The recent detection of gravitational waves by the LIGO/VIRGO team is an incredibly impressive achievement of experimental physics. It is also a tremendous success of the theory of General Relativity. It confirms the existence of black holes; shows that binary black holes exist; that they may collide and that during the merging process gravitational waves are produced. These are all predictions of General Relativity theory in its fully nonlinear regime.

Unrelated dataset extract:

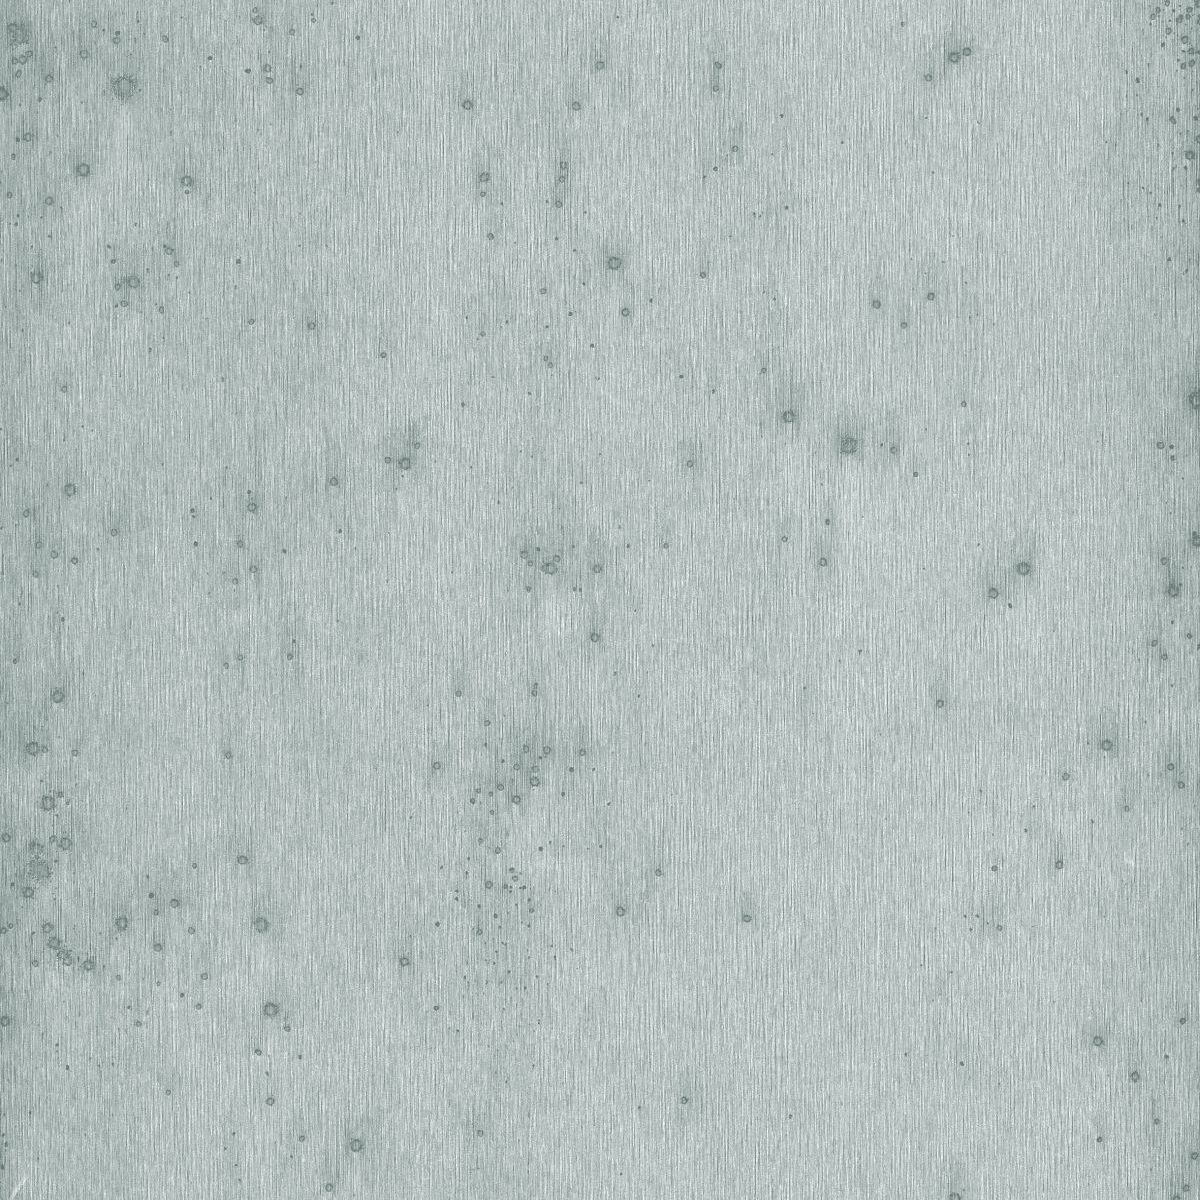 Amazing Wallpaper High Quality Marble - Metallics_Tapete_37502G  Snapshot_104567.jpg

The existence of gravitational waves was predicted by Albert Einstein in 1916 within the framework of linearized Einstein theory. Contrary to common belief, even the very definition of a gravitational wave in the fully nonlinear Einstein theory was provided only after Einstein's death. Actually, Einstein had arguments against the existence of nonlinear gravitational waves (they were erroneous but he did not accept this), which virtually stopped development of the subject until the mid-1950s. This is what we refer to as the Red Light for gravitational-waves research.
In the following years, the theme was picked up again and studied vigorously by various experts, mainly Herman Bondi, Felix Pirani, Ivor Robinson and Andrzej Trautman, where the theoretical obstacles concerning gravitational-wave existence were successfully overcome, thus giving the `Green Light' for experimentalists to start designing detectors, culminating in the recent LIGO/VIRGO discovery.
In this lecture, we tell the story of this theoretical breakthrough. Particular attention will be given to the fundamental 1958 papers of Trautman, which seem to be lesser known outside the circle of General-Relativity experts.